I remember the cold porcelain. The blood. The ache that told me I wasn’t meant to last much longer.

Alix found me in the dorm bathroom.

He didn’t just save me. He became my brother .

Since then, I’ve learned to let it out. The pain. The chaos. The guilt.

Not by bottling it—but by bleeding it into the mic.

Every show, every night.

And I know someone out there, some broken soul in the crowd, is healing with me.

That’s why I can’t quit.

It wouldn’t just be my life I’m giving up.

It’d be theirs , too.

I rub a hand over my face, throat raw. The amps cool around us as we pack up in silence.

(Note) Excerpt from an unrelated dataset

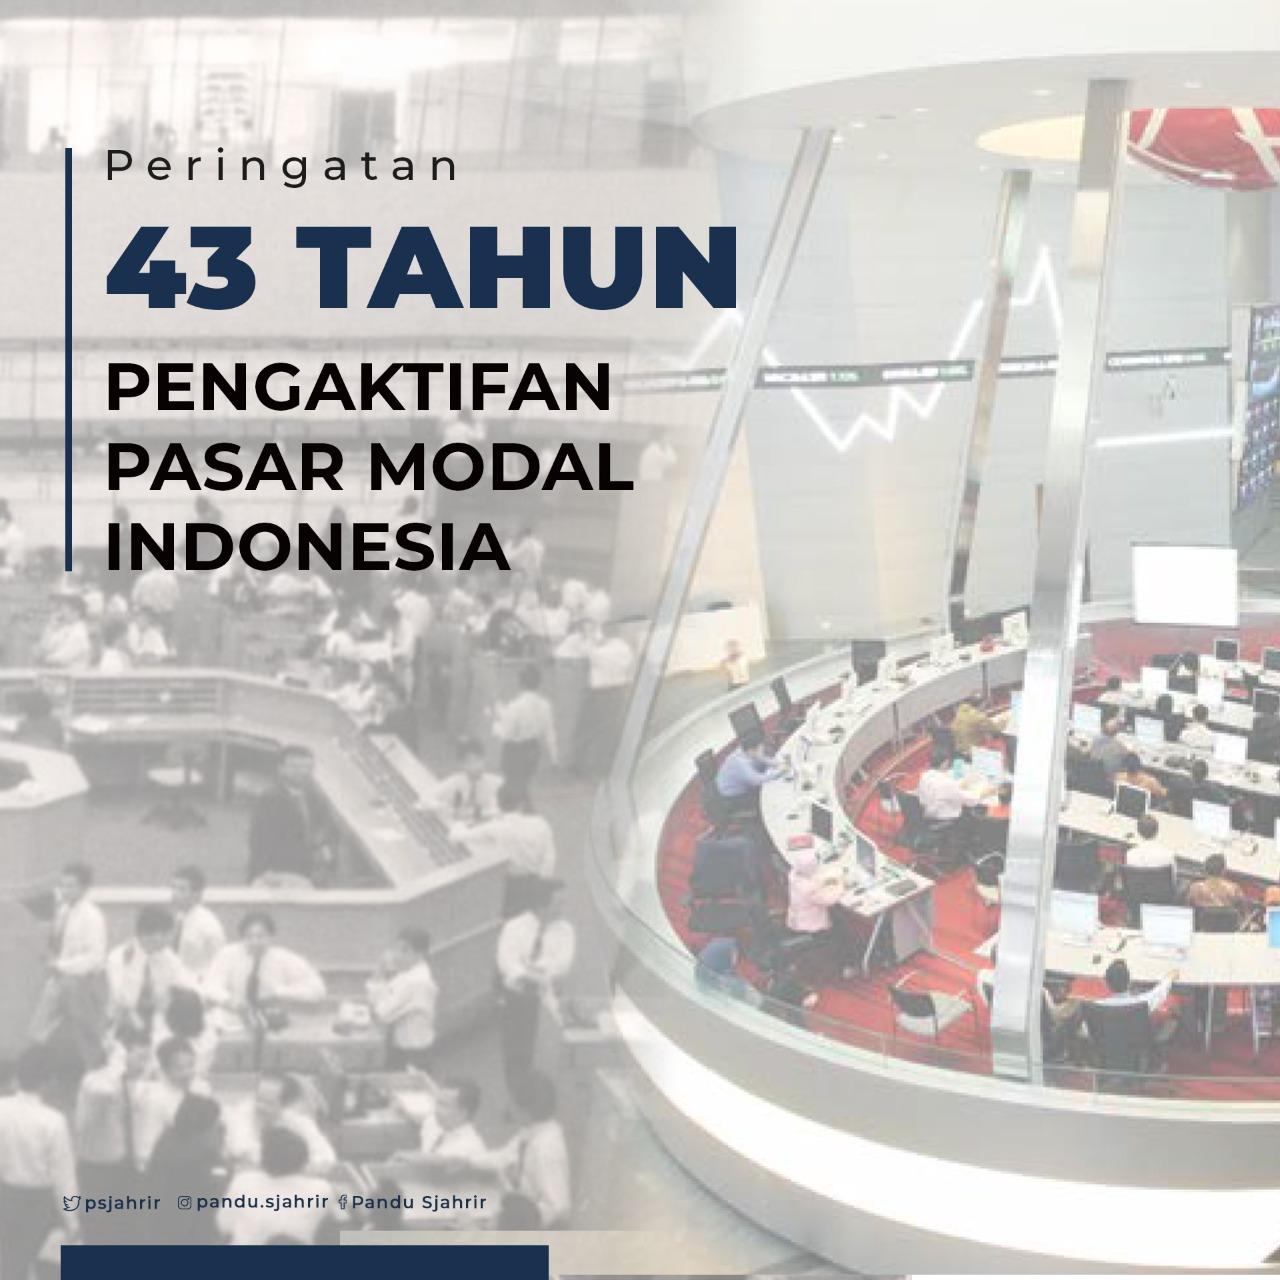 Peringatan Pengakltifan Pasar Modal indonesia

“Alright,” I finally say. “Let’s run the rest of the set. Bright and early tomorrow.”

My British accent slips out—stern, sharp. Too much like my father.

I cringe. Bash snorts.

“Sounds golden,” Alix mutters, adjusting the kick pedal.

“Bash kicks off the next one,” I say, voice back in leader mode. “Then Death’s Peace. The Guilty of the Wicked after that.”

We grind through the rest of rehearsal until we’re spent.

One guitar gets sacrificed to the gods of stage rage.

Worth it.

Back in my suite, my muscles scream, but my mind is finally quiet.

I crawl into bed, pull up my audiobook, and let darkness take me.

Holly Black’s The Cruel Prince plays softly in my ears—

—and for the first time in weeks, my demons fall silent.